Cashless cards for poker machines will be a game changer in reducing gambling harm, advocates say as NSW prepares to introduce a statewide trial in the wake of damning new data.
The latest official half-yearly data shows gamers are losing more than $23 million every day and statewide losses in pubs and clubs totalled $4.26 billion in late 2022, generating $1.18 billion in tax.
The data, covering June to November in clubs and July to December in pubs, is the equivalent to about $1000 for every man, woman and child in NSW, according to Wesley Mission.
"That's money that really should have been helping families with the cost of living crisis but instead has gone to propping up a harmful and predatory industry," Wesley Mission general manager Jim Wackett told AAP.
"It's money that could have been spent in local small businesses or paying mortgages but has disappeared from the local economy and gone straight into the coffers of the gambling industry."
Labor Premier Chris Minns has promised a cashless card trial on 500 machines to be undertaken from July 1 and other harm reduction measures including a plan to slash the number of machines statewide, a ban on political donations from clubs that run pokies and cash feed-in limits.
Mr Wackett said while some of the proposals were admirable a trial would not necessarily be productive.
"The reality is that poker machines are going cashless. It's not a question of if it's a question of when," he said.
The Christian community organisation head described cashless cards as a "game changer", allowing people to self exclude from venues and set daily, weekly and yearly loss limits.
Wesley hopes to begin talks with the Minns government to argue for the introduction of default limits that can be raised if people are able to demonstrate that they can cope with any additional losses.
Mr Minns conceded that the number and volume of losses in NSW - home to about half of all of Australia's poker machines - is a "major problem" but said he was confident in his policy changes.
"We've got to make sure policy changes that we do pursue are consistent with the realities that we are facing," he told reporters on Wednesday.
Wagga Wagga independent MP Joe McGirr, who is guaranteeing confidence and supply for the government in the lower house, says he was "very keen" for the government to move ahead on their pokies reforms and expand the trial on cashless cards.
"It needs to happen promptly and it should focus on how we do it. It's important to ensure this is about a test of the technology," Dr McGirr told AAP.
Polling had shown "pretty clear support" in the electorate for gaming, he said.
"Even ClubsNSW have a sense the community has moved on this."

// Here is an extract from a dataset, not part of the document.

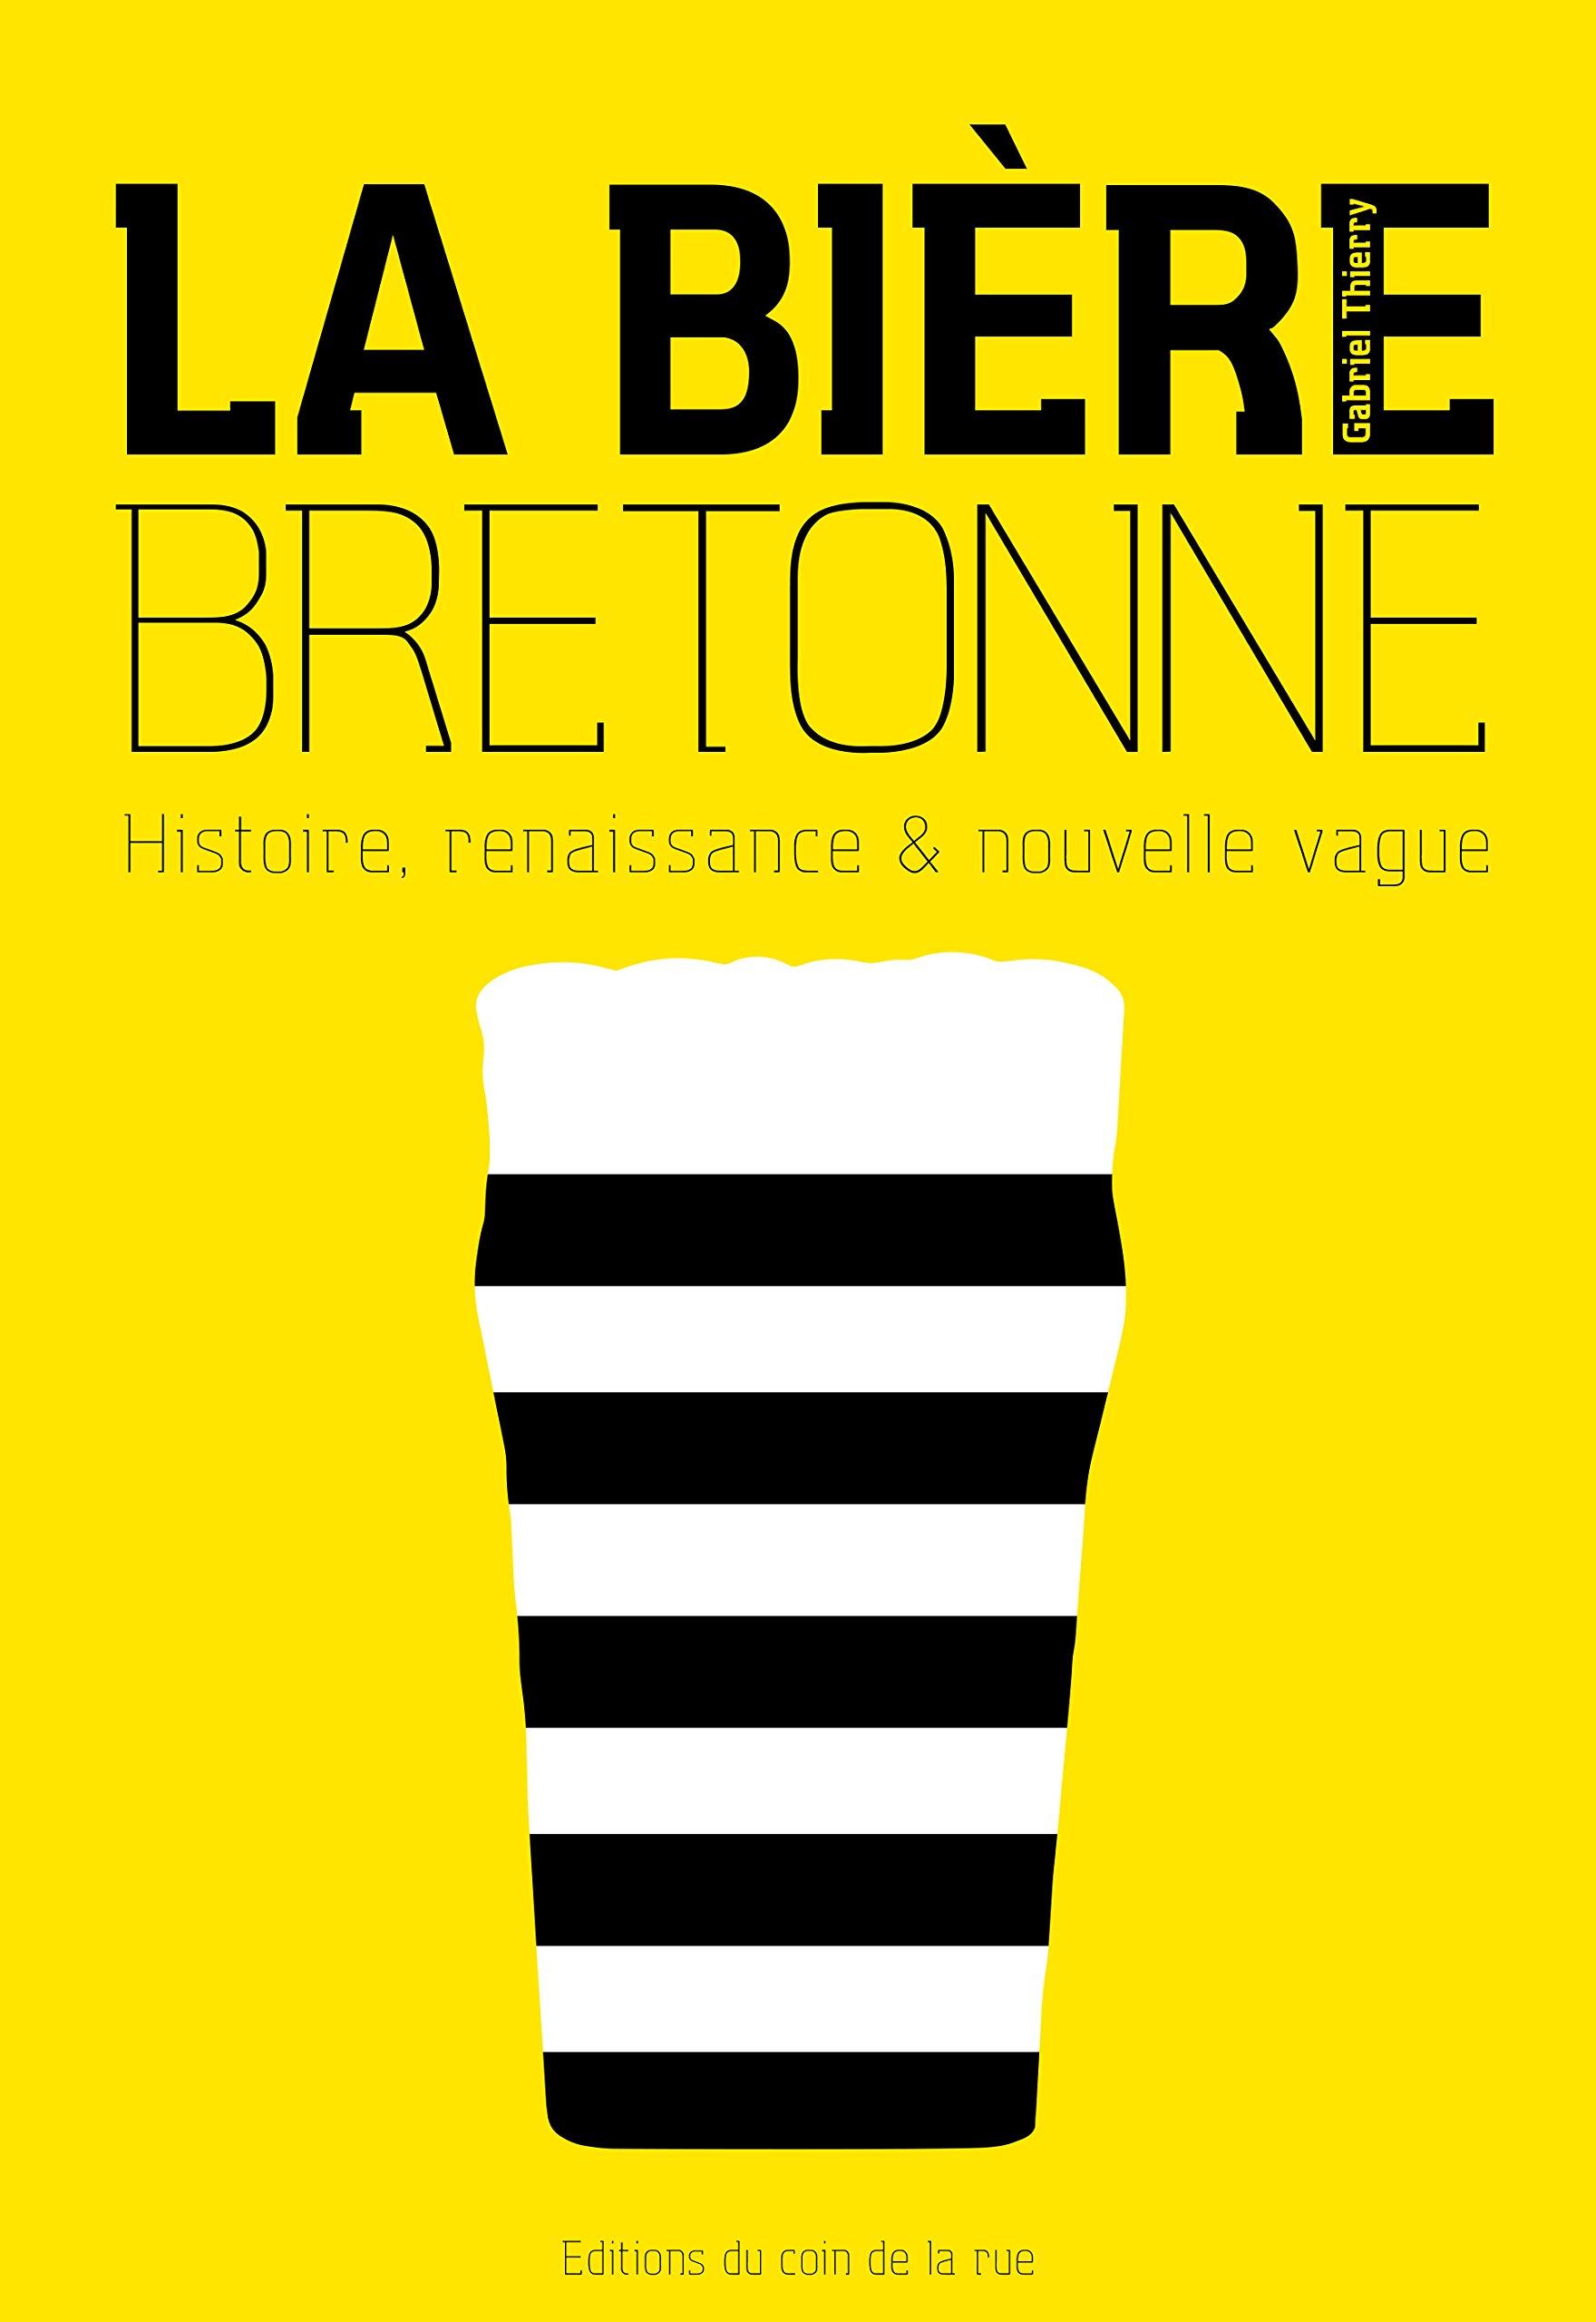 La bière bretonne, histoire, renaissance et nouvelle vague Broché – 7 novembre 2017 Gabriel Thierry Coin de la rue B0766HXDP2 Bière - Cidre

The Liquor and Gaming NSW figures show the Fairfield local government area in southwestern Sydney remains a pokies mecca, with one machine for every 55 residents.
Gamers lost $335 million across the area's 36 pubs and clubs, at an average of $76,800 per hour.
In neighbouring Canterbury-Bankstown, where there is one poker machine for every 78 residents, losses totalled $361 million or $82,800 per hour.
A NSW Crime Commission report in 2022 found the machines allow criminals to use large amounts of cash with Commissioner Michael Barnes estimating "many billions" of the $95 billion put through the machines each year were attributed to money laundering.